If it's really "whatever", then I'd personally go for an RB26. You'd be one of either very few, or maybe the only person, in the US with an RB26 installed in his Z31. Such an install is relatively rare even in Japan, but it has been done there. The RB is a tight fit, but it _DOES_ fit, don't let anyone tell you otherwise... For more information on the swap, I'd visit HybridZ.org.


----------



## tim1950 (Nov 8, 2005)

if you are making 2K a week, just buy a Z32 TT or a Z31 already Turbo'd


----------



## JAMESZ (Mar 12, 2004)

Zen31ZR said:


> If it's really "whatever", then I'd personally go for an RB26. You'd be one of either very few, or maybe the only person, in the US with an RB26 installed in his Z31. Such an install is relatively rare even in Japan, but it has been done there. The RB is a tight fit, but it _DOES_ fit, don't let anyone tell you otherwise... For more information on the swap, I'd visit HybridZ.org.

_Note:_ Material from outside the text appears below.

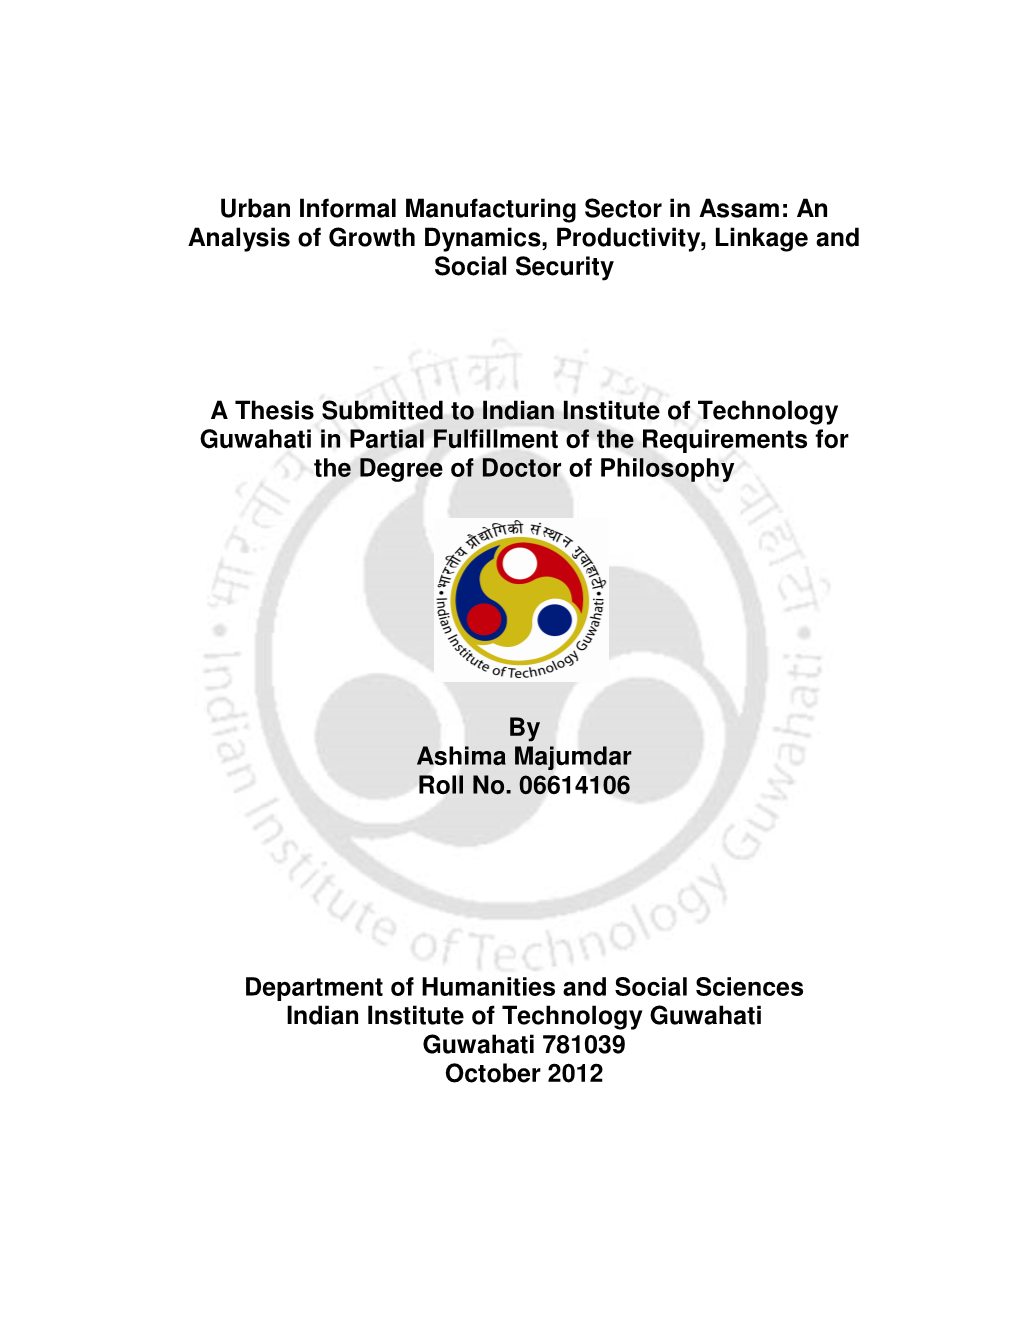 Urban Informal Manufacturing Sector in Assam: an Analysis of Growth Dynamics, Productivity, Linkage and Social Security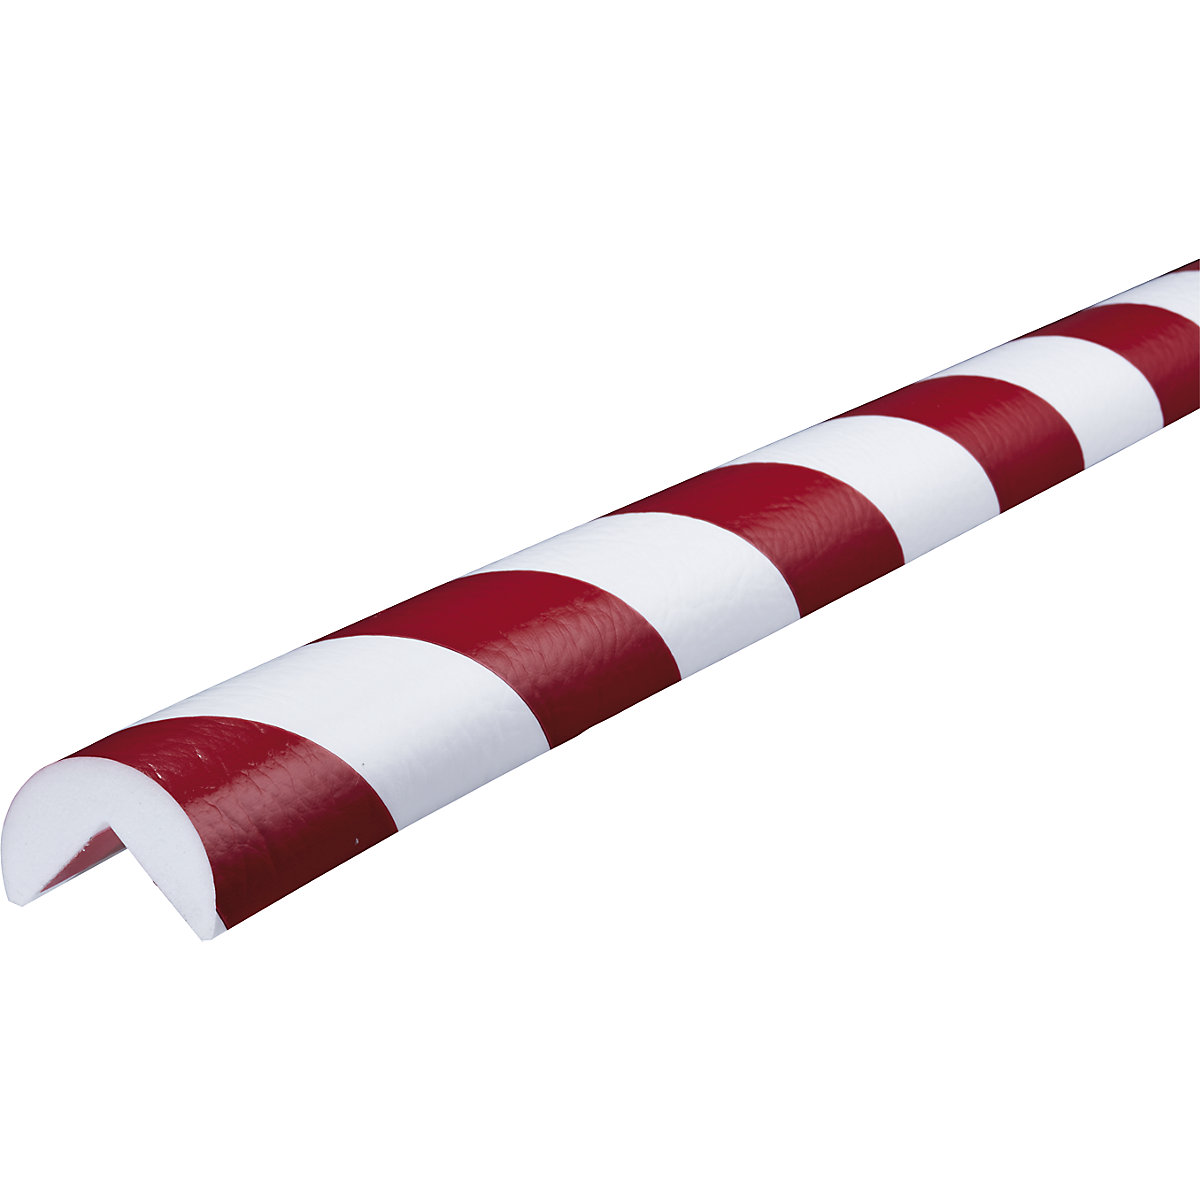 Knuffi® corner protection – SHG, type A, 1 x 5 m roll, red / white-18

Yeah after spending what it would cost to build a 600whp VG30ET just to get the RB26 into the car your left with a motor that is almost impossible to build past the bolt on stage because there is no way to tune it. Just swap a VG30ET into the car and enjoy it...while your at it since you flaunted that you have enough money why not just forge the bottom end, nitrate the crank, put on a big turbo, and build the heads and supporting mods. And with the VG30ET you wont be scouring for parts 24/7 that are impossible to find, and left with an expensive waste of money that just makes ricers happy.


----------



## Zen31ZR (Mar 24, 2004)

The VG30ET is a good engine, but if you want a real engine, get the RB. There's a reason they used it for racing for over 10 years.... As far as not being able to tune it, I'd say horsehockey. Any import garage worth a damn (and admittedly most of them aren't) can tune an RB, and there's been enough RBs in the US for long enough that someone somewhere knows how to tune them. I'd talk to some of the domestic Skyline owners if you want to know more, anything said in *this* forum about that engine is mostly hearsay. I wouldn't walk away from the RB just because it's a bit rare stateside.


----------



## superman442003 (May 25, 2006)

to the person who said i should just buy the z32TT or an already turbo'd z31. the reason for buying the NA was so i could build this car from bottom to top. no expense denied. its more for my fun and the vg30et is a good idea im just trying to get all the info and then weigh my options. thanks guys for the ideas fellas

kyle


----------



## JAMESZ (Mar 12, 2004)

Zen31ZR said:


> Any import garage worth a damn (and admittedly most of them aren't) can tune an RB, and there's been enough RBs in the US for long enough that someone somewhere knows how to tune them.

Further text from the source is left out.